Grande figure universitaire américaine, intellectuel de renom, passionné par la France et sa culture et sa littérature, Thomas Bishop est mort le 2 janvier dernier à New-York. Né à Vienne dans une famille juive, c’est l’Anschluss, l’invasion allemande de l’Autriche par Hitler en 1938, qui fait fuir sa famille. Elle part alors trouver refuge en Hongrie, avant de s’installer quelques temps à Paris avant de s'exiler définitivement pour les États-Unis en mai 1940, un mois avant la signature de l’armistice par Pétain. Chez Tom Bishop, les souvenirs de ce succinct passage en France n’auront de cesse de remuer son rapport à l’identité : en quelque sorte trahi par son pays natal, il continuera par exemple de parler le français avec son frère, comme s’il refoulait l’allemand.
Avec la France et le français, qu’il apprend d'ailleurs très rapidement quand il arrive à Paris, c’est l'idylle puisqu'il sera pendant 63 ans directeur du département de français de l’université de New-York (NYU), dont il avait retranscrit son journal dans Le passeur d'océan (Payot, 1989).. Dès 1959, il devient aussi directeur de la Maison française à la NYU. François Noudelmann, l'actuel directeur du centre culturel, regrette ainsi le « plus grand passeur de la pensée et de la littérature française aux États-Unis ». Passionné de théâtre, et de Beckett tout particulièrement (jusqu'à donner le nom du dramaturge à son chien), Tom Bishop s'était épris d’amour aussi pour le Nouveau Roman et son avant-garde : il a pu ainsi rencontrer Alain Robbe-Grillet, Nathalie Sarraute, Claude Simon et Robert Pinget...

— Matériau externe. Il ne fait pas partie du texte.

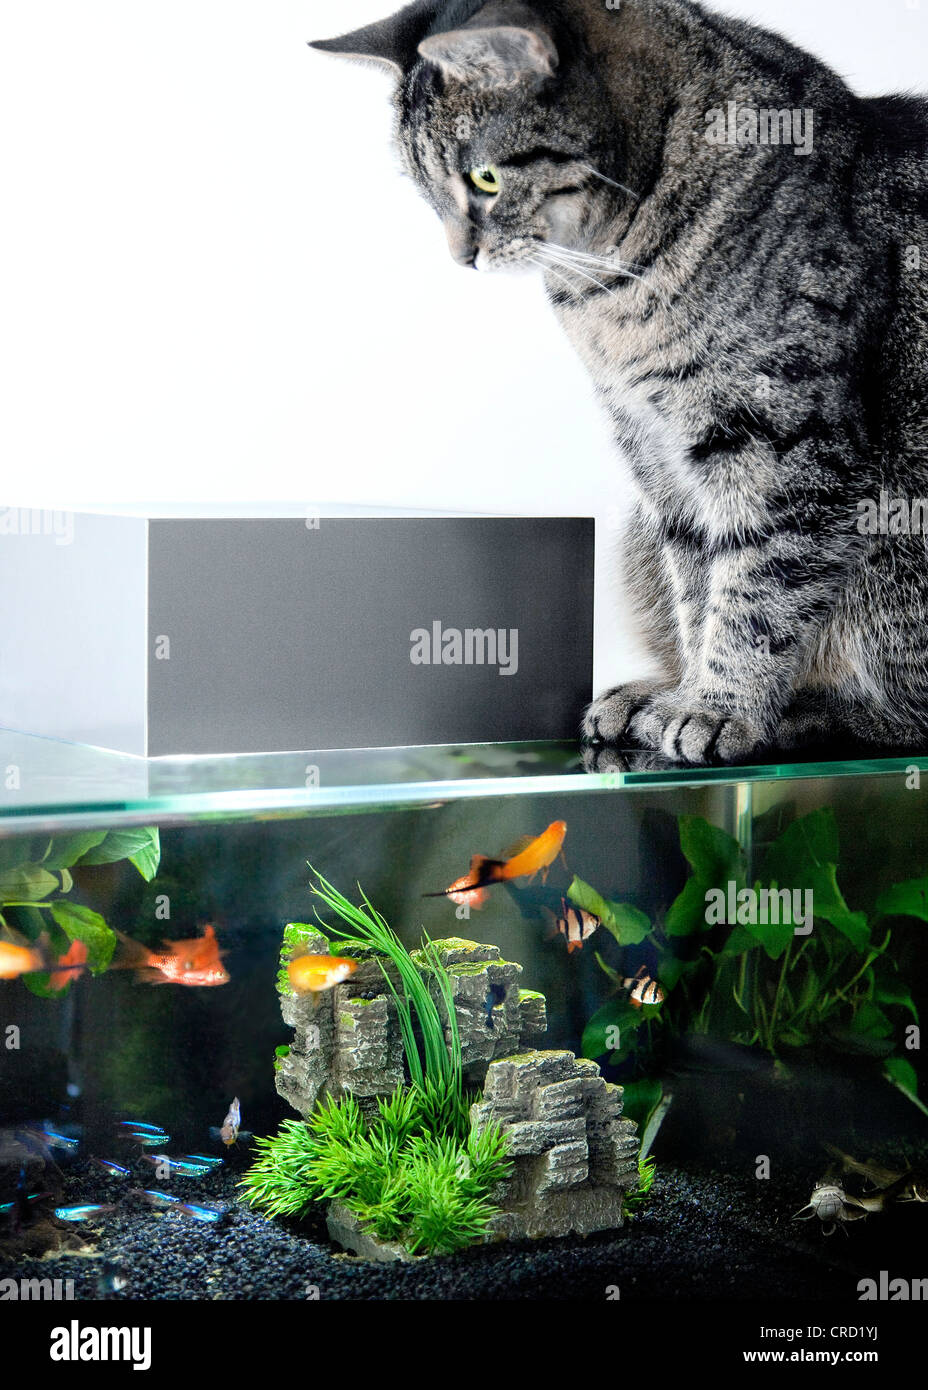 Cat sitting on aquarium Stock Photo

Informel ambassadeur culturel, Thomas Bishop a fait traverser les idées, et les personnes qui les avaient, de part et d'autre de l'Atlantique. Animateur de rencontres culturelles et de cénacles, il a notamment su accompagner la French Theory dans le monde universitaire américain dans les années 1970 représentée entre autres par Michel Foucault, Jacques Derrida, Gilles Deleuze, Julia Kristeva... Véritable pont entre deux cultures, Tom Bishop a fait converser deux pays durant plus de 60 ans, jusqu'à être qualifié par François Mitterrand lui-même "d'instigateur des rapports franco-américains". Il a été aussi proche de plumes notoires et majeures comme Ionesco, Beckett, Jean-Louis Barrault et Madeleine Renaud… Dans un livre paru en 2021, La littérature est un voyage de découverte (Diaphanes), il retrace son fabuleux parcours et son insatiable appétit de découverte à travers une discussion avec l’universitaire et philologue Donatien Grau.